Make WordPress Core

Opened 2 years ago

Closed 23 months ago

#56926 closed defect (bug) (fixed)

Infinite loop in wp_nav_menu

Reported by: davidbinda's profile david.binda Owned by: hellofromtonya's profile hellofromTonya
Milestone: 6.2 Priority: normal
Severity: normal Version: 6.1
Component: Menus Keywords: has-patch has-unit-tests fixed-major
Focuses: Cc:

Description

Testing the r54478 on WordPress.com, I have noticed an infinite loop on some sites.

On certain sites, there are nav_menu_items which have the _menu_item_menu_item_parent meta set to their own ID. Eg.: nav_menu_item with ID 281 has the _menu_item_menu_item_parent meta value set to 281, which breaks the while loop in https://core.trac.wordpress.org/browser/trunk/src/wp-includes/nav-menu-template.php?rev=54478#L211 as the $menu_item_parent variable is getting set to the same, 281 value over and over.

The ultimate root cause for the infinite loop is the data corruption (of some kind), which happened at some point in the past on the sites where the infinite loop happens.

While I haven't been able to figure out how the value of the _menu_item_menu_item_parent had been set to the same value as is it's parent nav_menu_item ID, perhaps it would still be beneficial adding a safe guard to the newly introduced logic agains the infinite loop, since it's been observed on multiple sites?

I was thinking something like:

<?php
while ( $menu_item_parent && $menu_item_parent != $menu_item_key ) {

Attachments (1)

broken-menu.mp4 (4.3 MB) - added by david.binda 2 years ago.

Change History (44)

This ticket was mentioned in Slack in #core by desrosj.
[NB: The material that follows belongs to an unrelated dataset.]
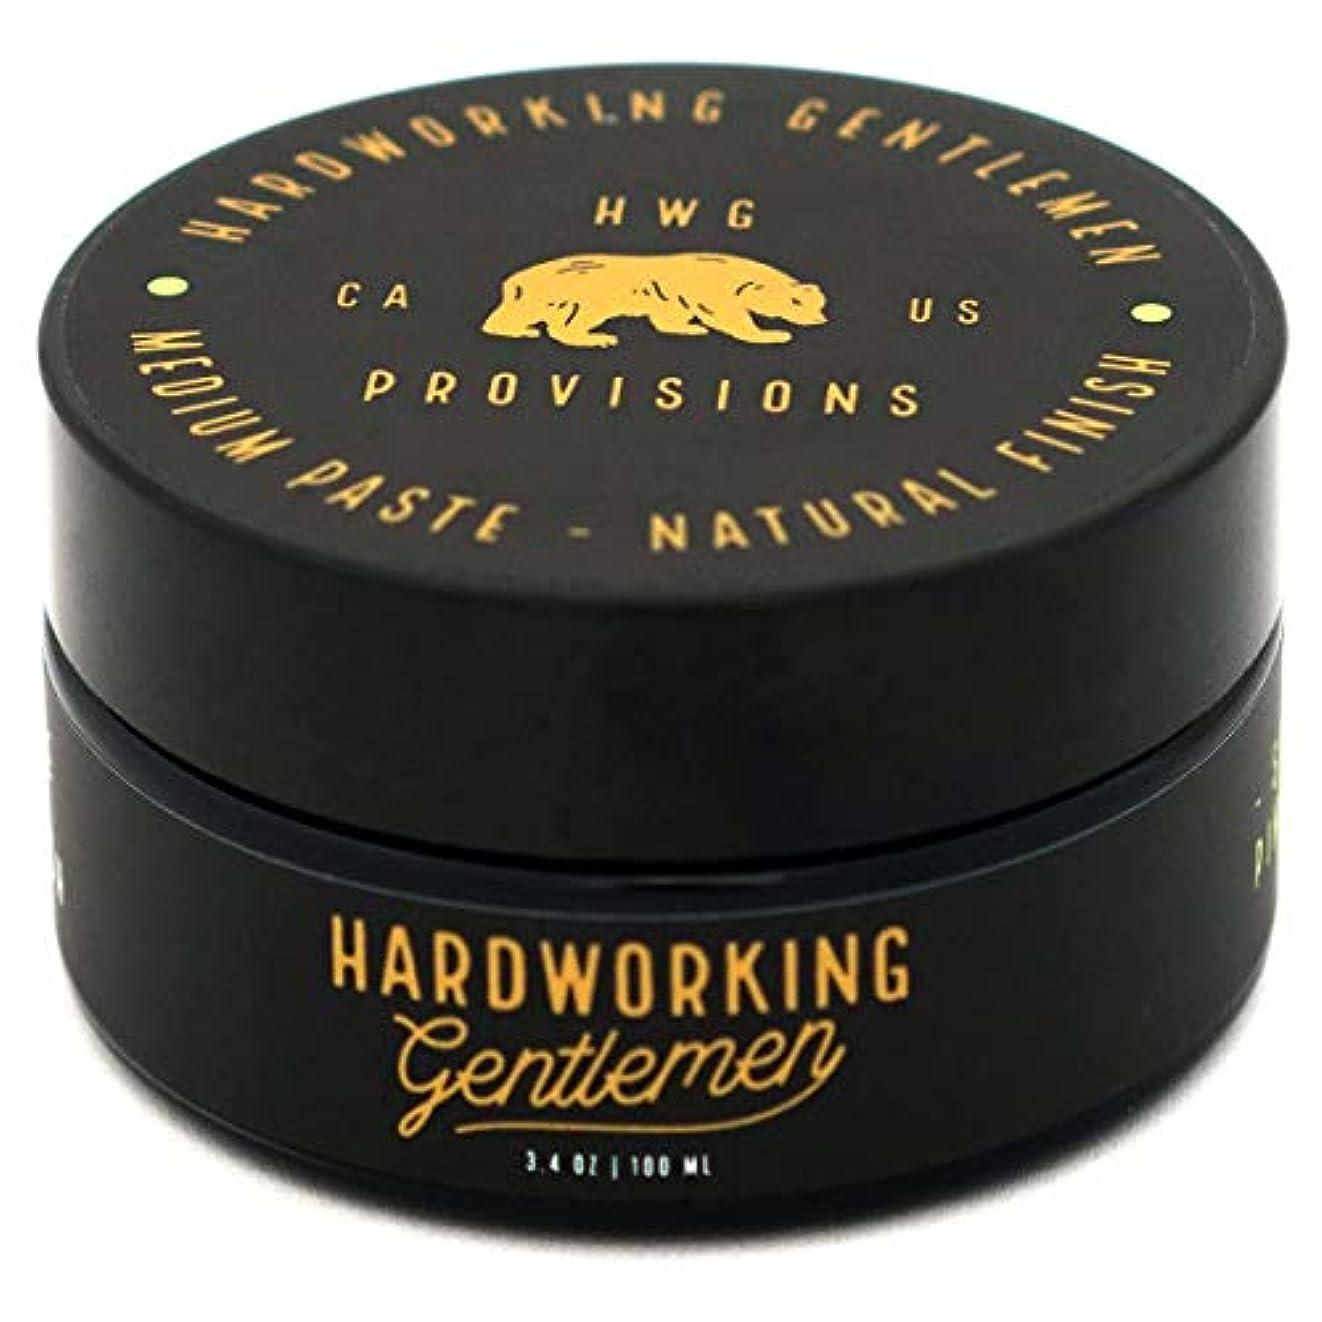 熱心なバルブ有罪Hardworking Gentlemen (ハードワーキング ジェントルメン) Medium Paste ヘアワックス 100ml 天然成分 オーガニック
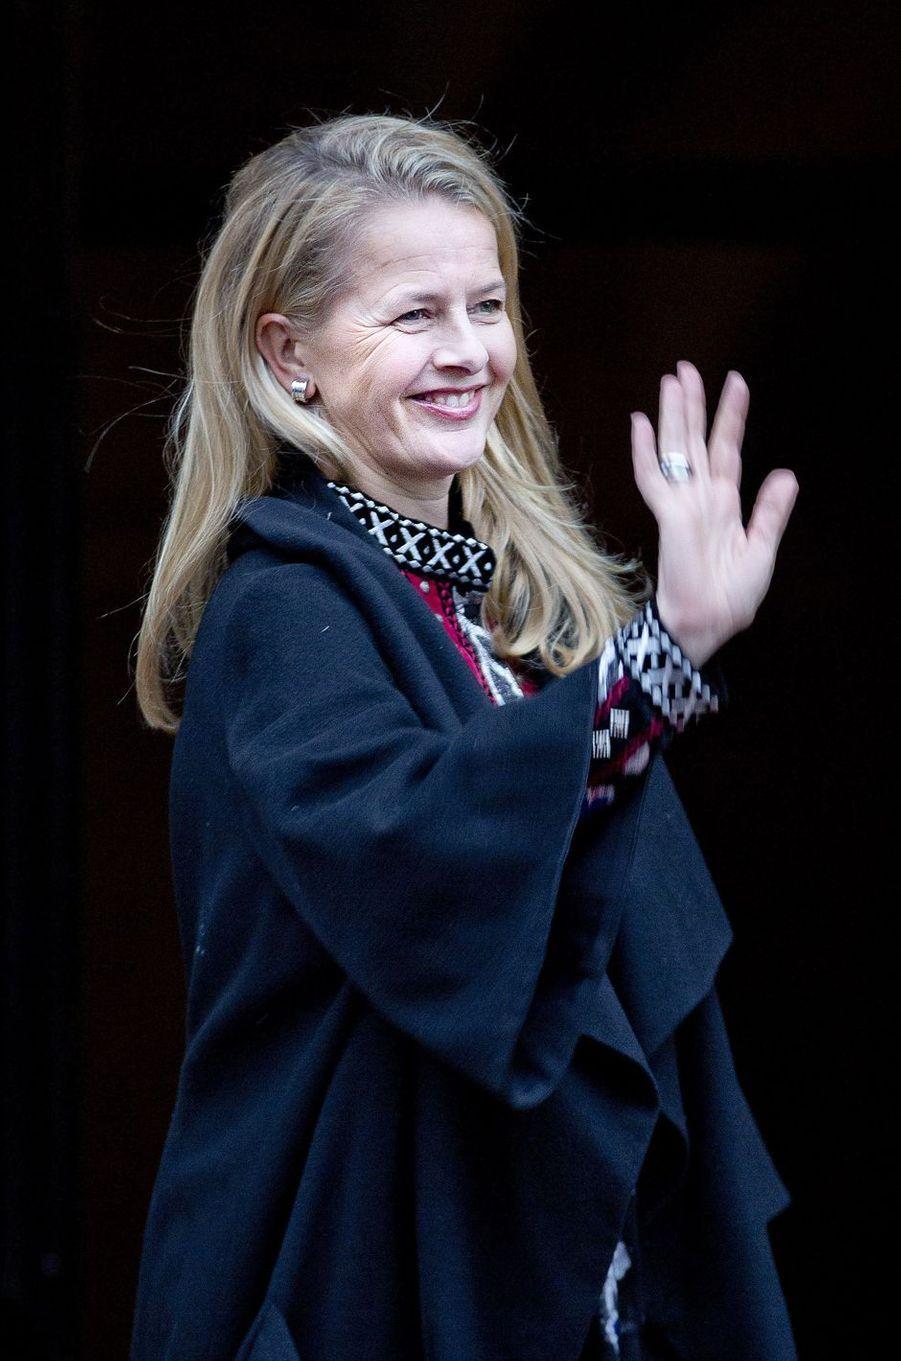 La princesse Mabel des Pays-Bas à Amsterdam, le 6 décembre 2017

View the logs.


2 years ago

#2 @desrosj
2 years ago

  • Keywords reporter-feedback added

@davidbinda were you able to determine any more specifics here?

This ticket was scrubbed today during the dry run for 6.1 and this was determined non-blocking since the root cause of the issue is unclear.

This ticket was mentioned in Slack in #core by priethor. View the logs.


2 years ago

#4 @SergeyBiryukov
2 years ago

  • Milestone changed from Awaiting Review to 6.1.1

Moving to 6.1.1 for investigation. Related: #56946.

This ticket was mentioned in PR #3566 on WordPress/wordpress-develop by @mhkuu.


2 years ago
#5

  • Keywords has-patch has-unit-tests added

Co-authored-by: Hugo de Vos <hdvos93@…>

Prevents an infinite loop when the parent menu item of a menu item is itself. We do not know the root cause of this issue, but with this PR, we add a safeguard to make sure the menu is still being output. This PR also adds a unit test to confirm the output is as expected.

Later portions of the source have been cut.